GHB: What is “global psychiatry” and how did you get into the field?
CLK: I began working in disaster psychiatry first, which is a story unto itself, but when I began to find showing up places to provide psychiatric care after a disaster is usually too little, too late when it comes to mental health care that was usually limited pre-disaster (mental health care too often was already a disaster unto itself), I shifted to doing global mental health (which I prefer over psychiatry), i.e., psychiatry that tries to improve access to mental health care in general. Running off to disasters also started to become an ill fit for my life when we had a family and I started to build up my patient caseload.
I was always interested in international work from the beginning for whatever reason. But, more specifically, when we went to Sri Lanka following the 2004 tsunami, a teacher stood up at a school we were visiting to teach about how to identify and help kids in distress and, after thanking us for coming, more or less asked, “But where were you before?” I wish I had their name, as that moment really shifted me to thinking about going places in non-crisis times to help improve psychiatric care, focusing on development rather than crisis work in global health. That is when I was lucky to join colleagues from emergency medicine, pediatrics, and internal medicine in the nascent Global Health Center at Mount Sinai, where I work, who welcomed psychiatry to the table and enabled me to start our program in Global Mental Health.
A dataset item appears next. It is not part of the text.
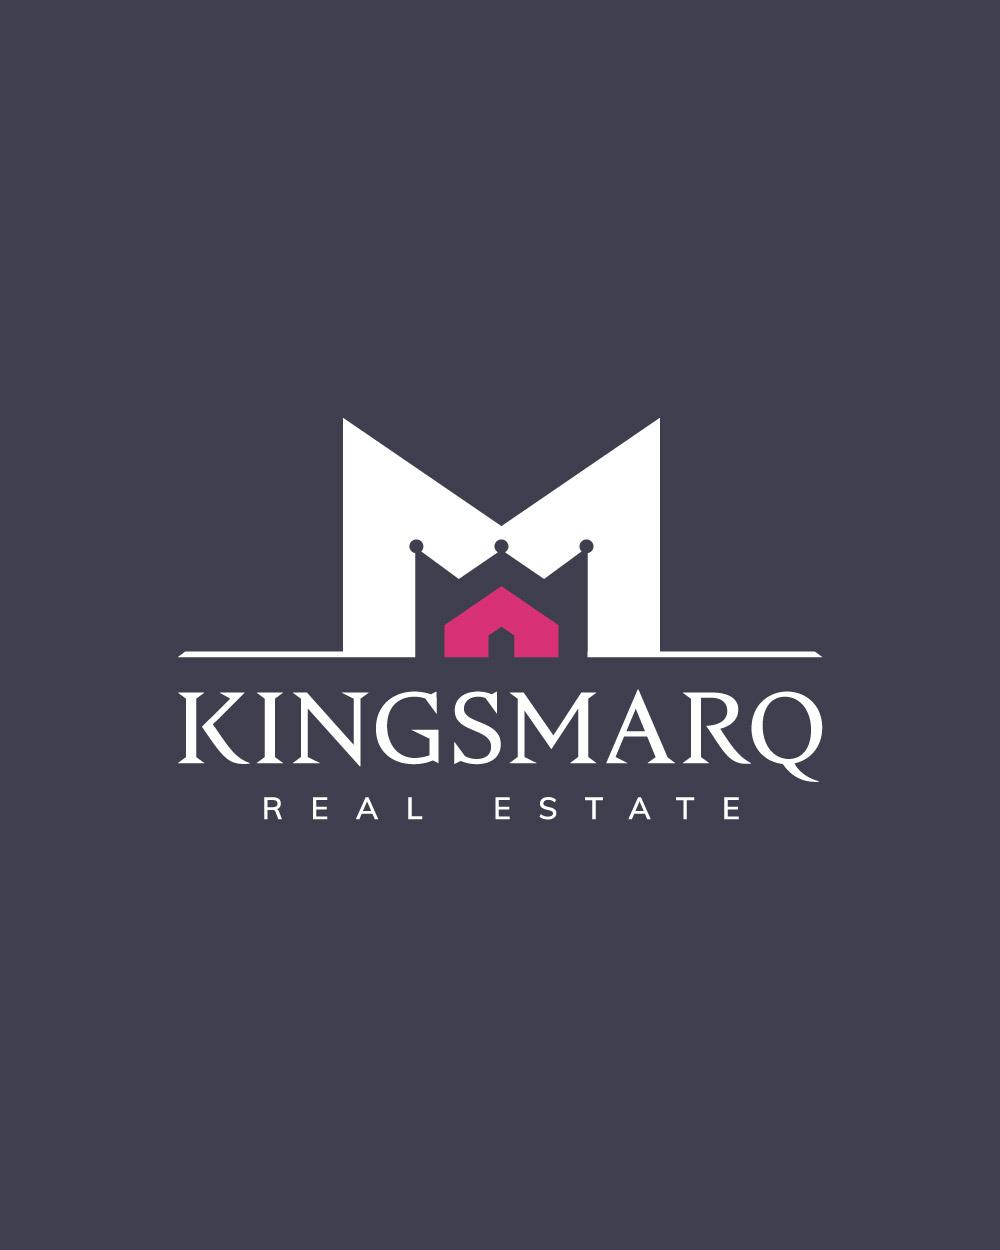 Kingsmarq Real Estate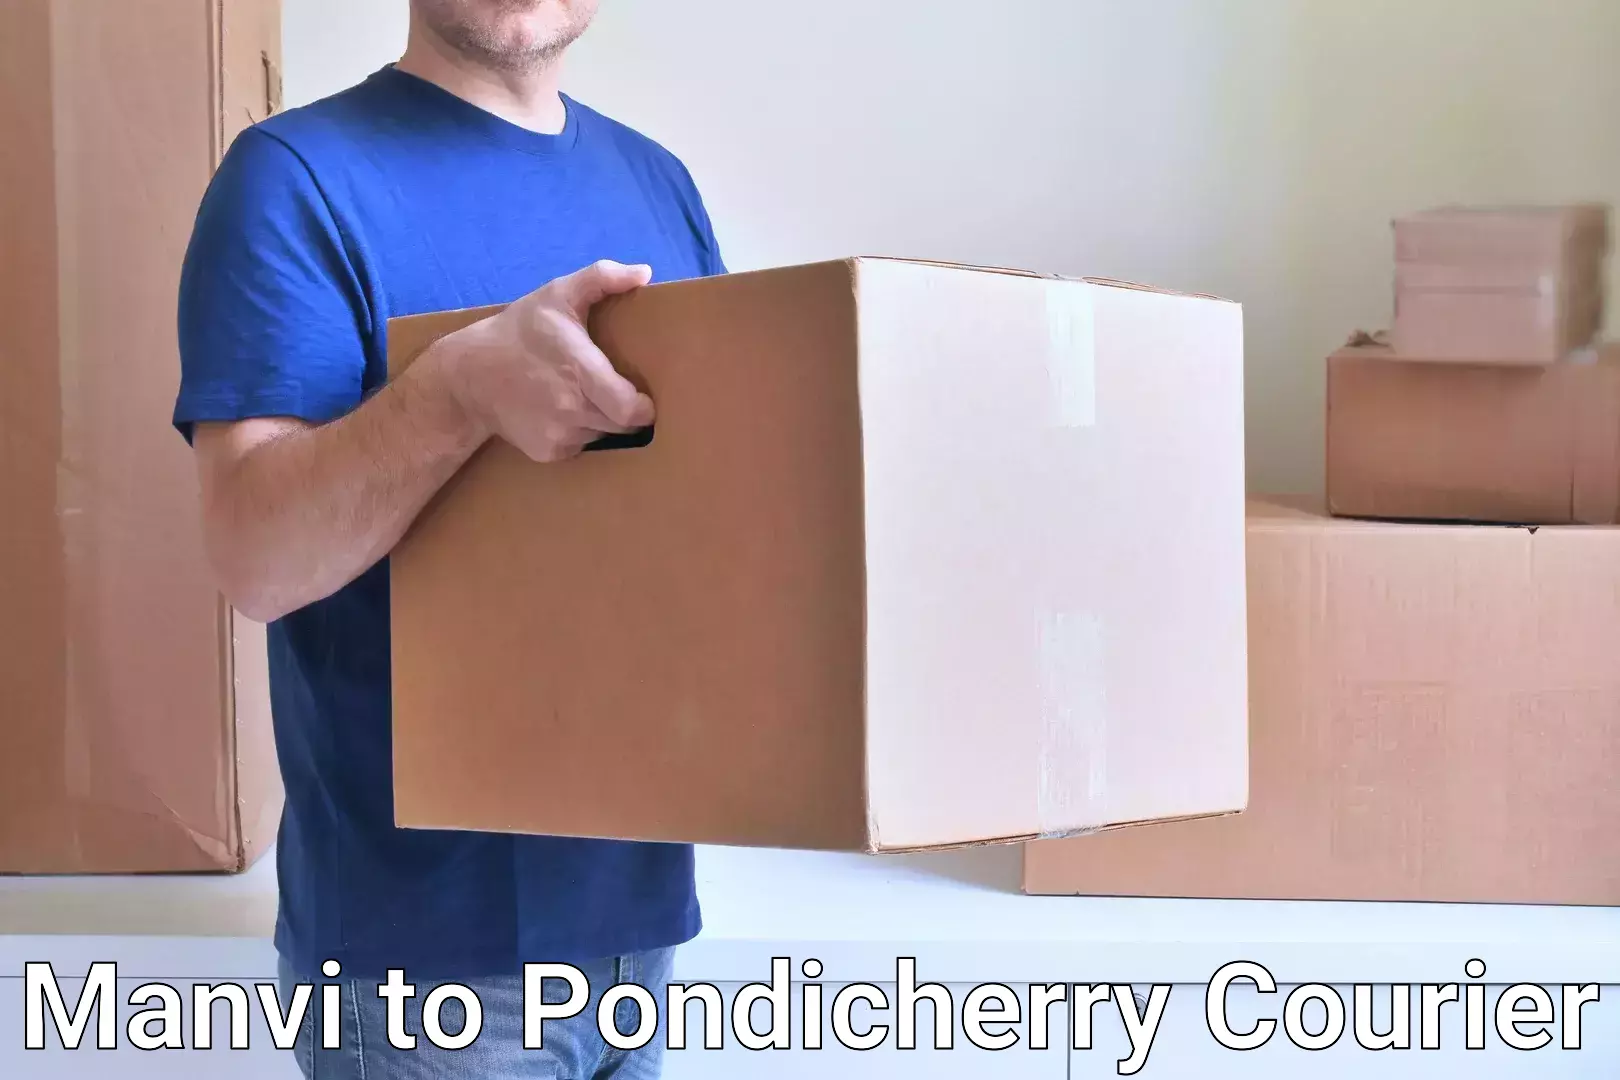 Business delivery service Manvi to Pondicherry

GHB: What is Unseen about and what inspired you to write this book?
CLK: Unseen is a story about what it’s like to have and to try to treat mental health problems in the “developing world.” It tells the story of two fictional men, Sam and Berko, saddled with major depression and schizophrenia, respectively, in an unnamed country that is a mash-up of the many places myself and my colleagues have worked through our global mental health program. The book attempts to capture the challenges they each face understanding what is happening to them and getting and accepting help, and the various people, helpful and less helpful, along their journey. At the same time, Unseen portrays how “there” can be “anywhere” by providing glimpses of the mental health issues of a relief worker’s mother back home.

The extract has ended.